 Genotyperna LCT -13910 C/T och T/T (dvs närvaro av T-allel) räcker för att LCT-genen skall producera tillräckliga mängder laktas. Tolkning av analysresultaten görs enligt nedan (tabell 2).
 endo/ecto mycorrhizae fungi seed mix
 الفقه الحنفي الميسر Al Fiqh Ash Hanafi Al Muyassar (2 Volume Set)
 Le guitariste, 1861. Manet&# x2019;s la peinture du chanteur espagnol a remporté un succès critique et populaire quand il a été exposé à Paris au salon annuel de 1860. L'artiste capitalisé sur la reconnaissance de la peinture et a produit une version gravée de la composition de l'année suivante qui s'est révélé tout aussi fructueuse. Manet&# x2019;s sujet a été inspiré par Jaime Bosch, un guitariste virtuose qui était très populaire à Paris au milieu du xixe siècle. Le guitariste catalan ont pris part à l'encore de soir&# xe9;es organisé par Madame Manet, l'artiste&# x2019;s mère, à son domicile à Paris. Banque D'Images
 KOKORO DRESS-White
■ ■ ■ ■
THE PROBLEM:
Write a verbatim copy of the listing above.

SOLUTION FOR THIS EXERCISE:
 Genotyperna LCT -13910 C/T och T/T (dvs närvaro av T-allel) räcker för att LCT-genen skall producera tillräckliga mängder laktas. Tolkning av analysresultaten görs enligt nedan (tabell 2).
 endo/ecto mycorrhizae fungi seed mix
 الفقه الحنفي الميسر Al Fiqh Ash Hanafi Al Muyassar (2 Volume Set)
 Le guitariste, 1861. Manet&# x2019;s la peinture du chanteur espagnol a remporté un succès critique et populaire quand il a été exposé à Paris au salon annuel de 1860. L'artiste capitalisé sur la reconnaissance de la peinture et a produit une version gravée de la composition de l'année suivante qui s'est révélé tout aussi fructueuse. Manet&# x2019;s sujet a été inspiré par Jaime Bosch, un guitariste virtuose qui était très populaire à Paris au milieu du xixe siècle. Le guitariste catalan ont pris part à l'encore de soir&# xe9;es organisé par Madame Manet, l'artiste&# x2019;s mère, à son domicile à Paris. Banque D'Images
 KOKORO DRESS-White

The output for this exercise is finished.